The final suite is mostly in E major, with only the second movement and the middle section of the final movement in E minor. La Brillante is certainly a "Brilliant" opening piece. Almost all of the first three sections (rondeau theme and first two couplets) are written in the bright upper range of the harpsichord, both staves requiring treble clef. La Dampiere is a dramatic sarabande reminiscent of François Couperin's La Ténébreuse and La Raphaéle. La Michelon is a lively, joyful Italian giga. La Jeunesse ("Youth") is a menuet. Chaconne is in E major, but has an extended middle section in the parallel mode of E minor. The form is built of groups of four measures which are immediately repeated for a total of eight in each unit.
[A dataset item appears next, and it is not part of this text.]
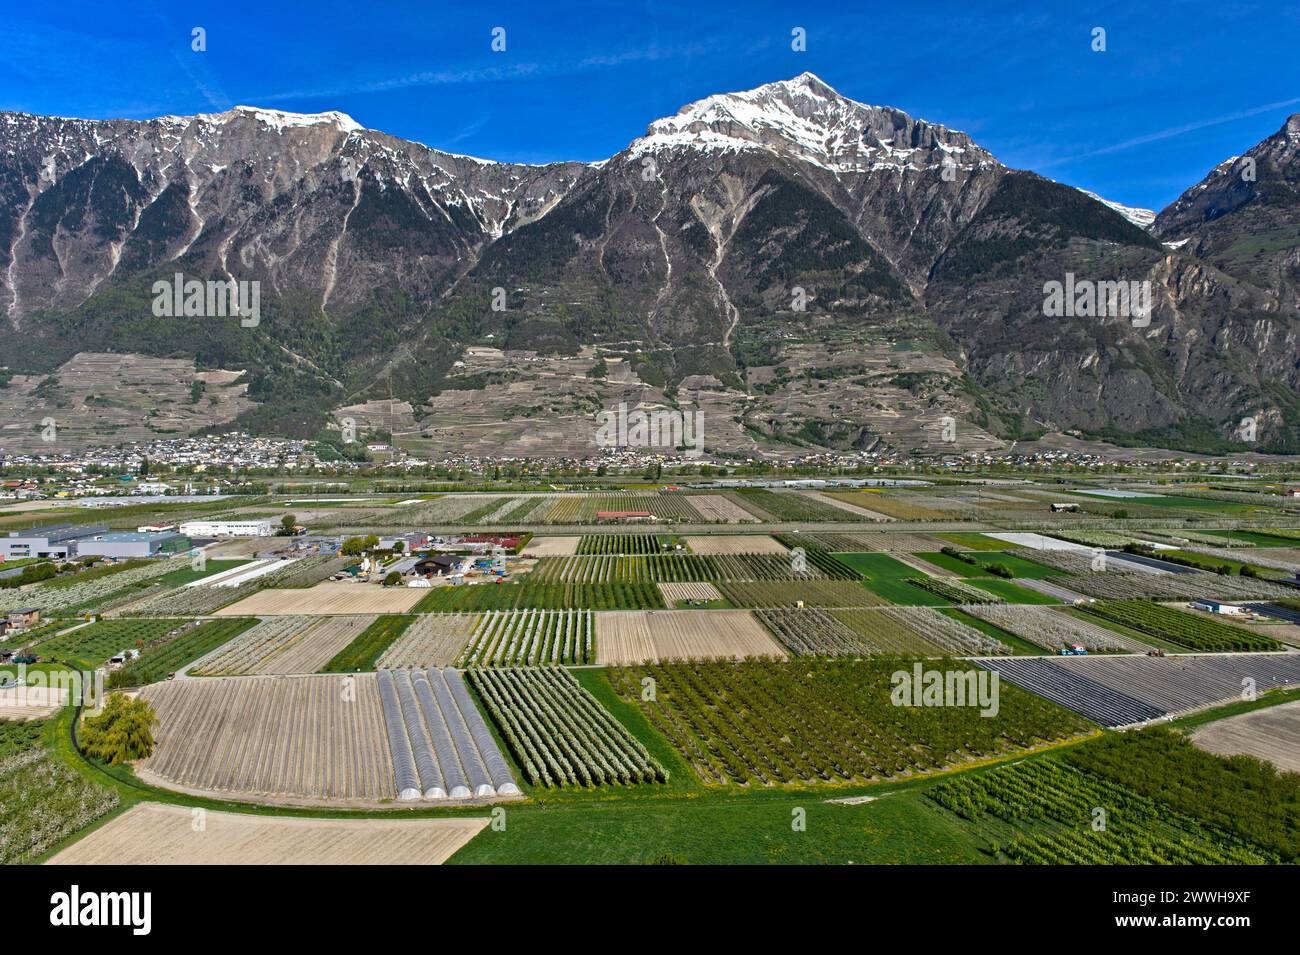 Campi e piantagioni per la coltivazione di frutta e verdura sotto la cima innevata del Grand Chavalard nella valle del Rodano, Charrat Foto Stock

The chaconne in this collection comes a close second to one by Jacques Duphly (1715–1789) as the longest single, continuous Piéce de clavecin of the seventeenth and eighteenth centuries.

==Album==

- Premiere Suite
  - La Minerve (3:19)
  - Sarabande, Les Regrets (1:41)
  - Les graces Badines (2:10)
  - La Tendre Agitation (4:47)
  - Le Plaidoyer de Cithere
    - 1er Rondeau (2:48)
    - 2e Rondeau (2:47)
- Seconde Suite
  - La belle Brune (2:28)
  - Sarabande La Prude (3:15)
  - L'Enfantine (1:36)
  - La Citherée
    - 1er Rondeau (2:25)
    - 2e Rondeau (2:22)
- Troisiéme Suite
  - Les Amusemens
    - 1er Rondeau (2:24)
    - 2e Rondeau (2:27)
  - Sarabande La *** ou les Sentimens (2:51)
  - Ƶephir – 1er Menuet (0:54)
  - Flore – 2e Menuet (1:39)
  - La Pithonisse (6:32)
  - Loure (4:33)
  - La Séduisante
    - 1er Rondeau (1:55)
    - 2e Rondeau (2:00)
    - Double du 1er Rondeau (2:04)
    - Double du 2e Rondeau (2:07)
- Quatriéme Suite
  - La Brillante (2:06)
  - La Dampiere (4:20)
  - La Michelon (1:25)
  - La Jeunesse (1:49)
  - Chaconne (9:00)

Total Time: (77:45)
Times based upon recording by harpsichord performer, Ruta Bloomfield (2009)

===Performances===

On 19 February 2009, Dr. Ruta Bloomfield became the first person in recorded history to perform the Premier livre de pieces de clavecin outside France since the eighteenth century.